Change the Installation of desktop items to Prompt

Change the Launching programs and files in an IFRAME to Prompt

Change the Navigate sub-frames across different domains to Prompt

When all these settings have been made, click on the OK button.

If it prompts you as to whether or not you want to save the settings, press the Yes button.
Next press the Apply button and then the OK to exit the Internet Properties page.

Update your AntiVirus Software - It is imperitive that you update your Antivirus software at least once a week (Even more if you wish). If you do not update your antivirus software then it will not be able to catch any of the new variants that may come out.


Visit Microsoft's Windows Update Site Frequently - It is important that you visit http://www.windowsupdate.com (http://www.windowsupdate.com) regularly. This will ensure your computer has always the latest security updates available installed on your computer. If there are new updates to install, install them immediately, reboot your computer, and revisit the site until there are no more critical updates.

Install Malwarebytes' Anti-Malware - Malwarebytes' Anti-Malware is a new and powerful anti-malware tool. It is
totally free but for real-time protection you will have to pay a small one-time fee. Tutorial on installing & using this product can be found below:

Malwarebytes' Anti-Malware Setup Guide (http://www.bfccomputers.com/forum/index.php?showtopic=1644)

Malwarebytes' Anti-Malware Scanning Guide (http://www.bfccomputers.com/forum/index.php?showtopic=1645)


Install SpywareBlaster - SpywareBlaster will added a large list of programs and sites into your Internet Explorer settings that will protect you from running and downloading known malicious programs.

A tutorial on installing & using this product can be found here:

Using SpywareBlaster to protect your computer from Spyware and Malware (http://www.bleepingcomputer.com/tutorials/tutorial49.html)


Update all these programs regularly - Make sure you update all the programs I have listed regularly.
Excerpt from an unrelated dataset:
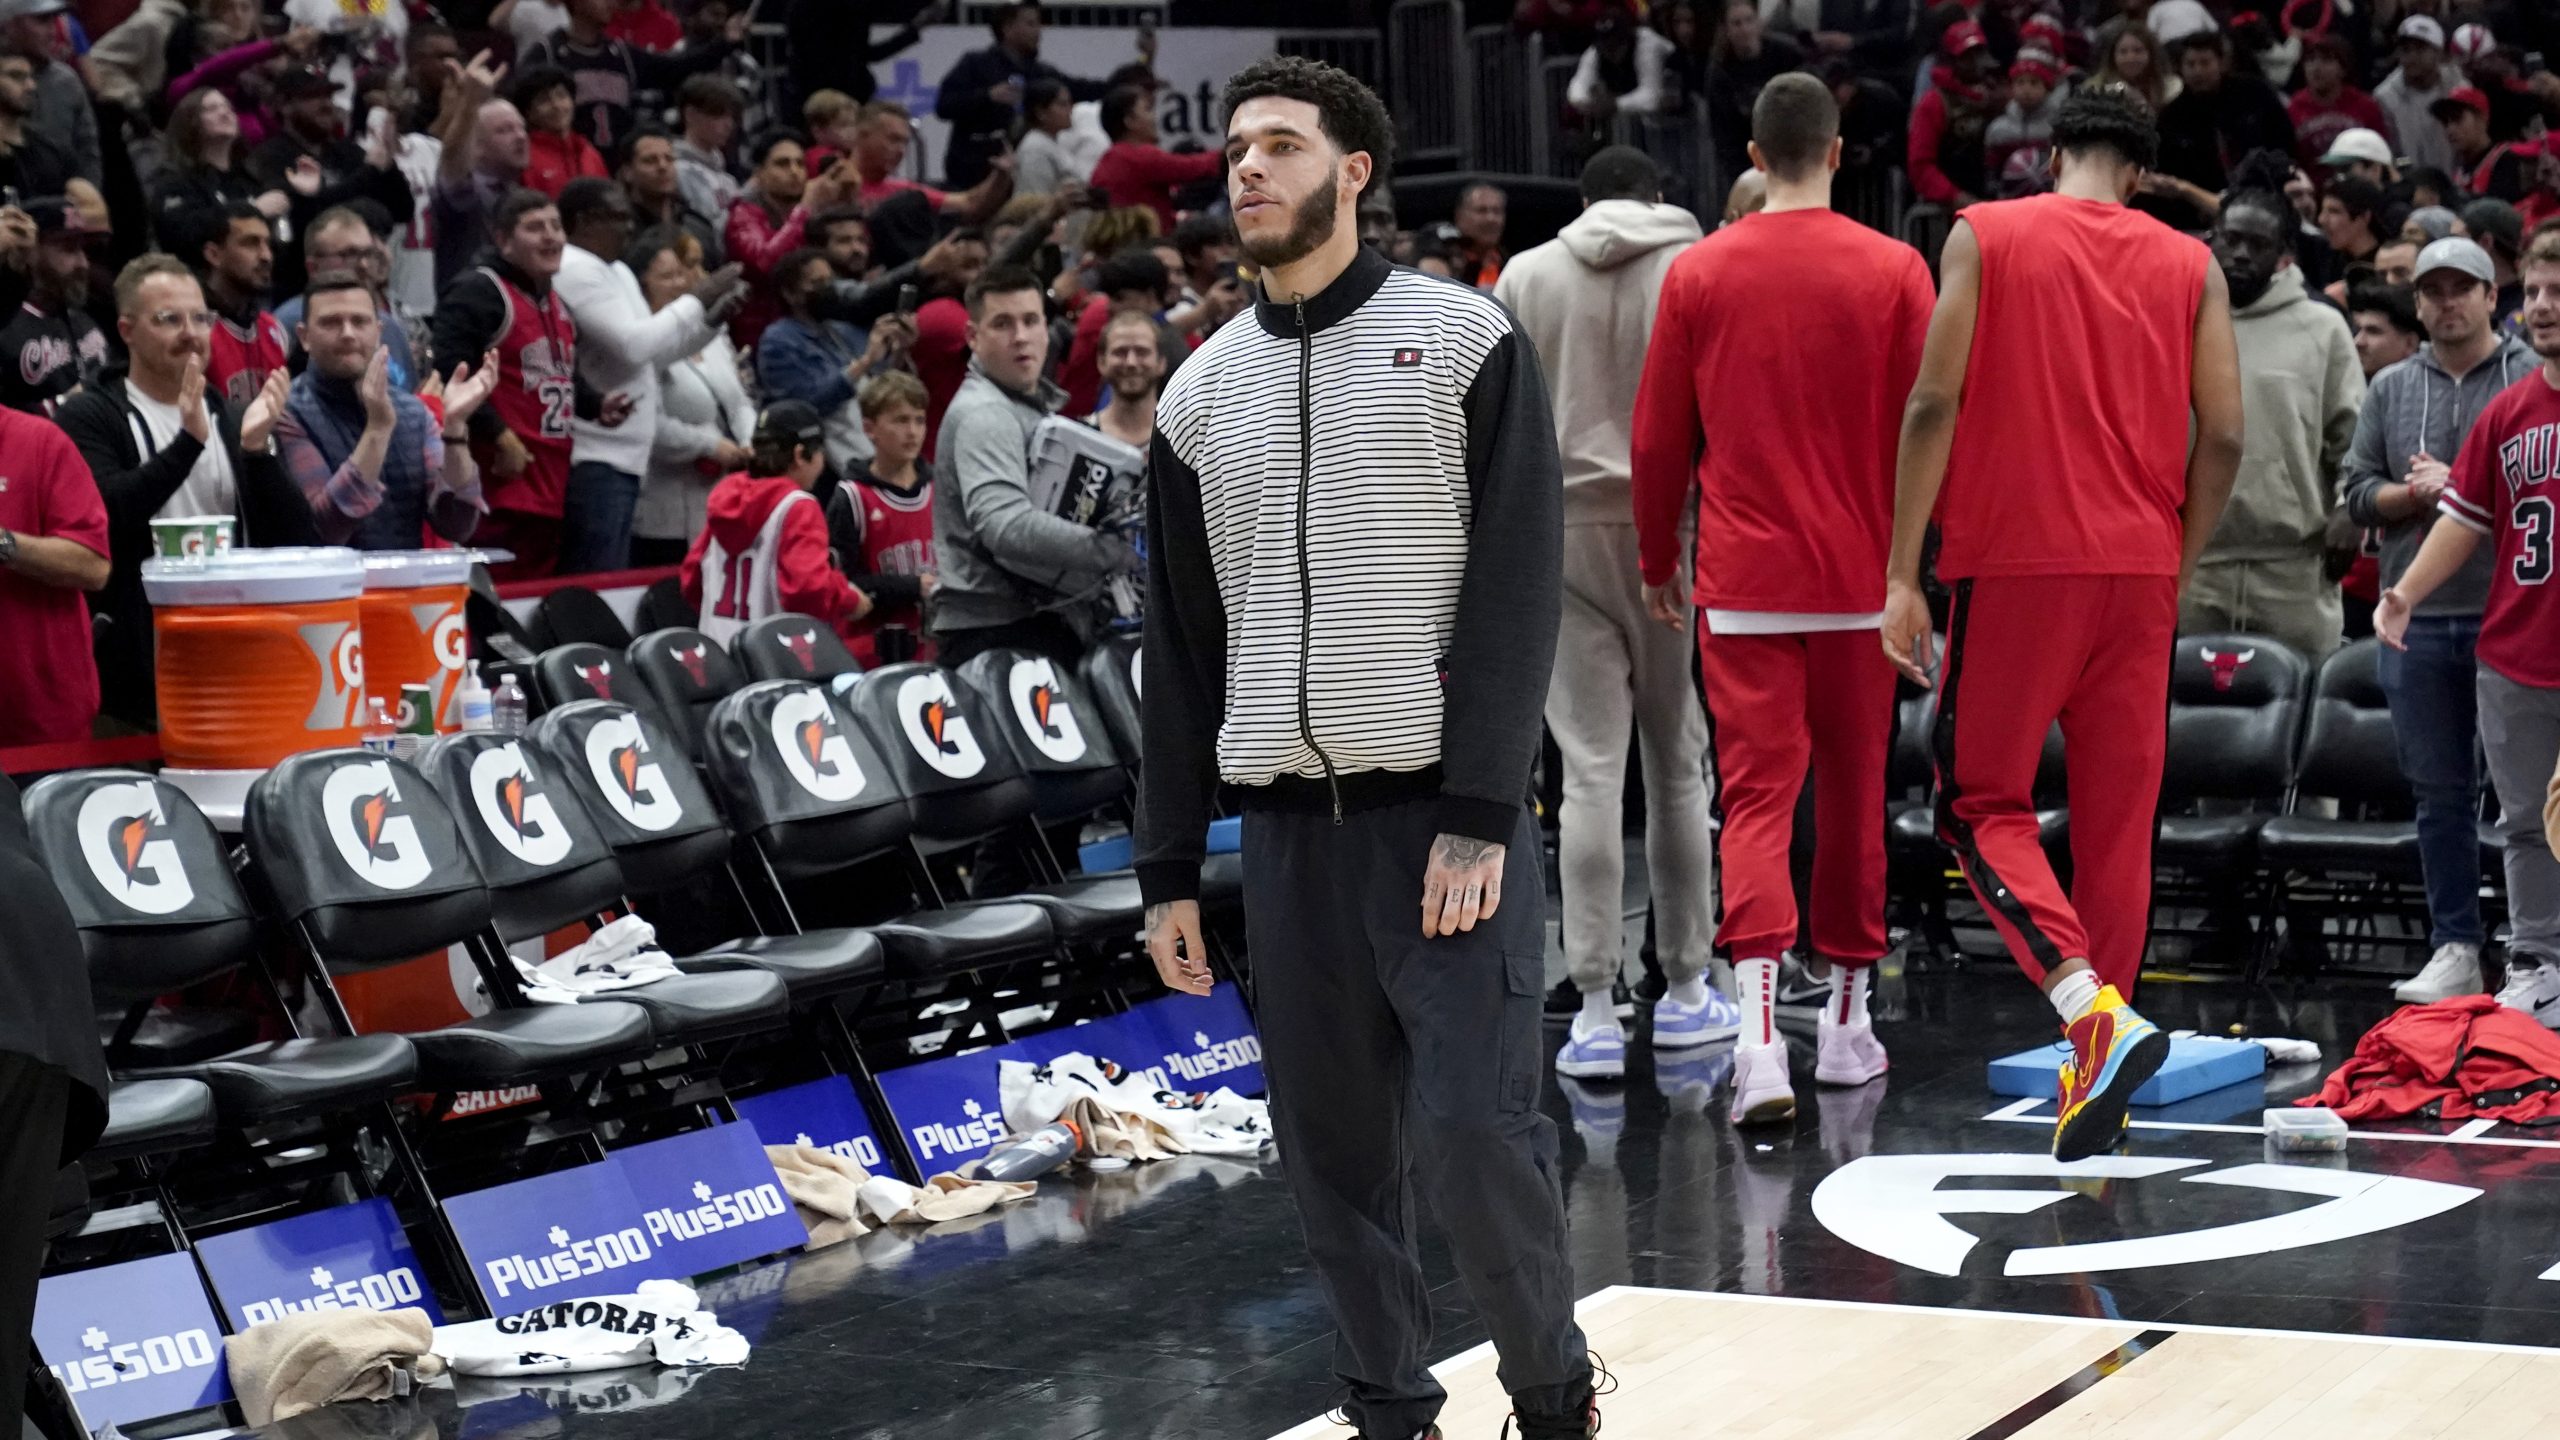 Lonzo Ball says he still hopes to play for Bulls this season

Without regular updates you WILL NOT be protected when new malicious programs are released.
Follow this list and your potential for being infected again will reduce dramatically.

Here are some additional utilities that will enhance your safety

MVPS Hosts file (http://mvps.org/winhelp2002/hosts.htm) <= The MVPS Hosts file replaces your current HOSTS file with one containing well know ad sites etc. Basically, this prevents your computer from connecting to those sites by redirecting them to 127.0.0.1 which is your local computer
Winpatrol (http://www.winpatrol.com/) <= Download and install the free version of Winpatrol. a tutorial for this product is located here:
Using Winpatrol to protect your computer from malicious software (http://www.winpatrol.com/features.html)

Stand Up and Be Counted ---> Malware Complaints (http://www.malwarecomplaints.info/index.php) <--- where you can make difference!

The site offers people who have been (or are) victims of malware the opportunity to document their story and, in that way, launch a complaint against the malware and the makers of the malware.

Also, please read this great article by Tony Klein So How Did I Get Infected In First Place (http://forums.spybot.info/showthread.php?t=279)

Happy surfing and stay clean! :bigthumb:

Since this issue appears to be resolved ... this Topic has been closed. Glad I could help.

Note: If it has been five days or more since your last post, and the helper assisting you posted a response to that post to which you did not reply, your topic will not be reopened. At that point, if you still require help, please start a new topic and include a fresh HijackThis log and a link to your previous thread.

If it has been less than five days since your last response and you need the thread re-opened, please send me or your helper a private message (pm). A valid, working link to the closed topic is required.